4. Anticipate failure. It is always better to expect failure, rather than assuming that what you’ve created is flawless. If you don’t anticipate errors, how can you catch them before deployment? This is effectively the process of threat modeling and risk assessment.

5. Learn from all operational failures. The point of going back and analyzing a failure is to learn from it. It is important to set up structures and processes that enable the sharing of learnings across teams and the business.

The area of “organization” is critical to your success. It concerns the way your business organizes who is responsible for what, in relation to your engineering and operations departments.
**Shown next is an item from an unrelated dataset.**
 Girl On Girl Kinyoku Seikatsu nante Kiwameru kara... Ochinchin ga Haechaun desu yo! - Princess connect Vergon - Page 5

You want to ask, who is responsible for the platform? Who is responsible for applications? How do we communicate between our different departments? At the end of the day, you need to be organized in a way that enables you to build software and applications, for example, that fulfill your business’ strategy.

In order to make any decisions about organization, the following seven high-level organization priorities, as delivered by AWS, must first be reviewed and determined:

I. Evaluate external customer needs. Involve key stakeholders, including business, development, and operations teams, to determine where to focus efforts on external customer needs. This will ensure that you have a thorough understanding of the operations support that is required to achieve your desired business outcomes.
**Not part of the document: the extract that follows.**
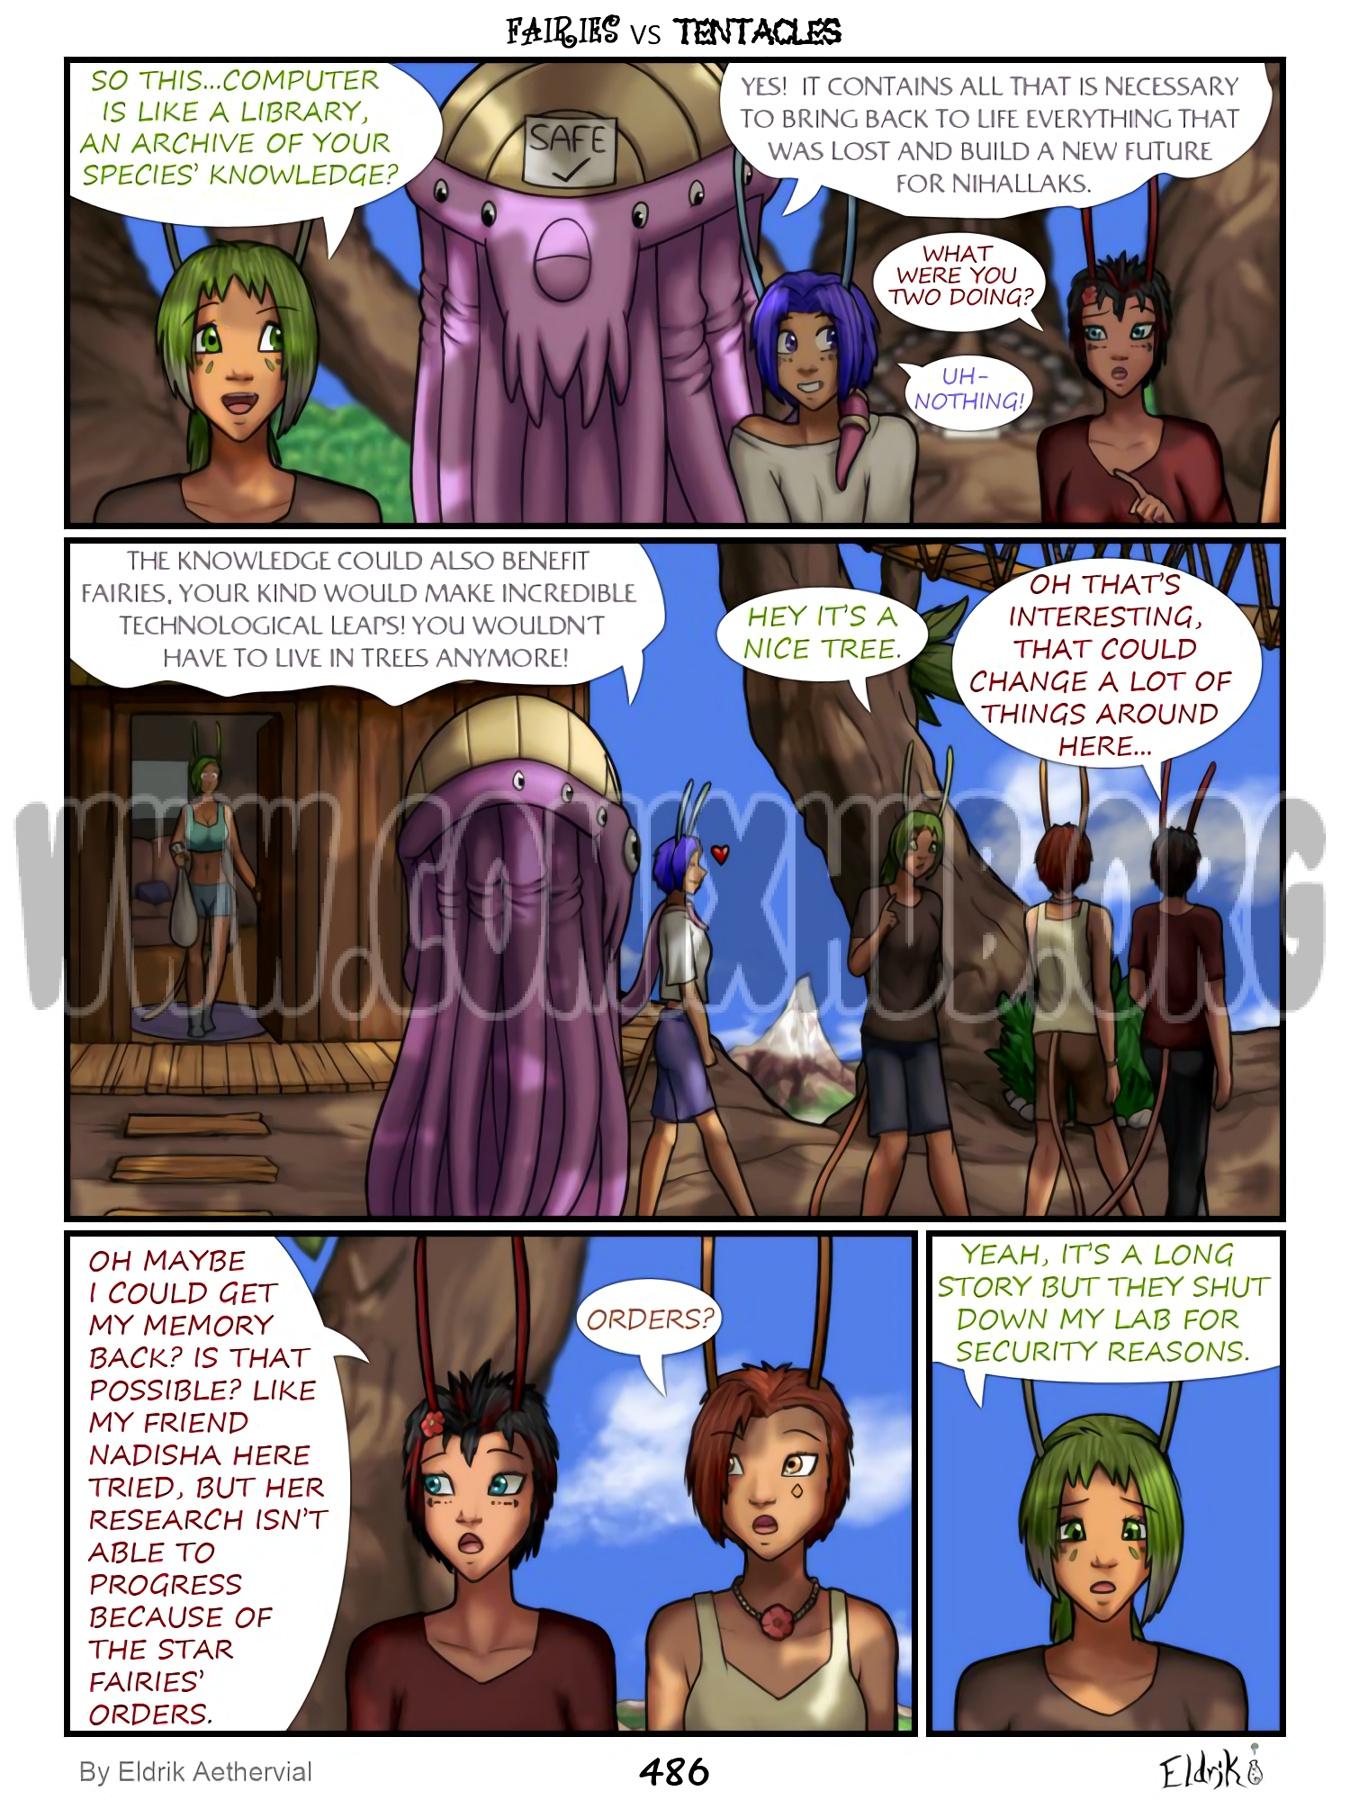 Fairies vs Tentacles 6-7 sex comics Fantasy

II. Evaluate internal customer needs. Engage key stakeholders to identify internal customer needs and operational support required for business outcomes. Prioritize improvement areas, such as skill development, workload performance, cost reduction, automation, and monitoring enhancement, based on established priorities. Continuously update priorities to adapt to changing needs.

III. Evaluate governance requirements. Organizational governance encompasses policies, rules, and frameworks guiding business goals. These requirements internally influence technology choices and workload operations. Incorporate them into your workload to ensure compliance and demonstrate implementation of governance requirements.

IV. Evaluate compliance requirements. Compliance requirements shape organizational priorities, potentially limiting technology and geographic choices. Conduct due diligence if no external frameworks exist. Validate compliance through audits/reports. For advertised compliance, establish internal processes for continuous adherence. Standards like PCI DSS, FedRAMP, and HIPAA vary based on data types and supported regions.

V. Evaluate threat landscape. Assess business threats, maintain a risk registry, and consider their impact when prioritizing efforts. The Well-Architected Framework offers a consistent approach to evaluate and scale architectures. Our Cloud Risk Self-Assessment gives you insight on how to improve your cloud risk posture in three simple steps.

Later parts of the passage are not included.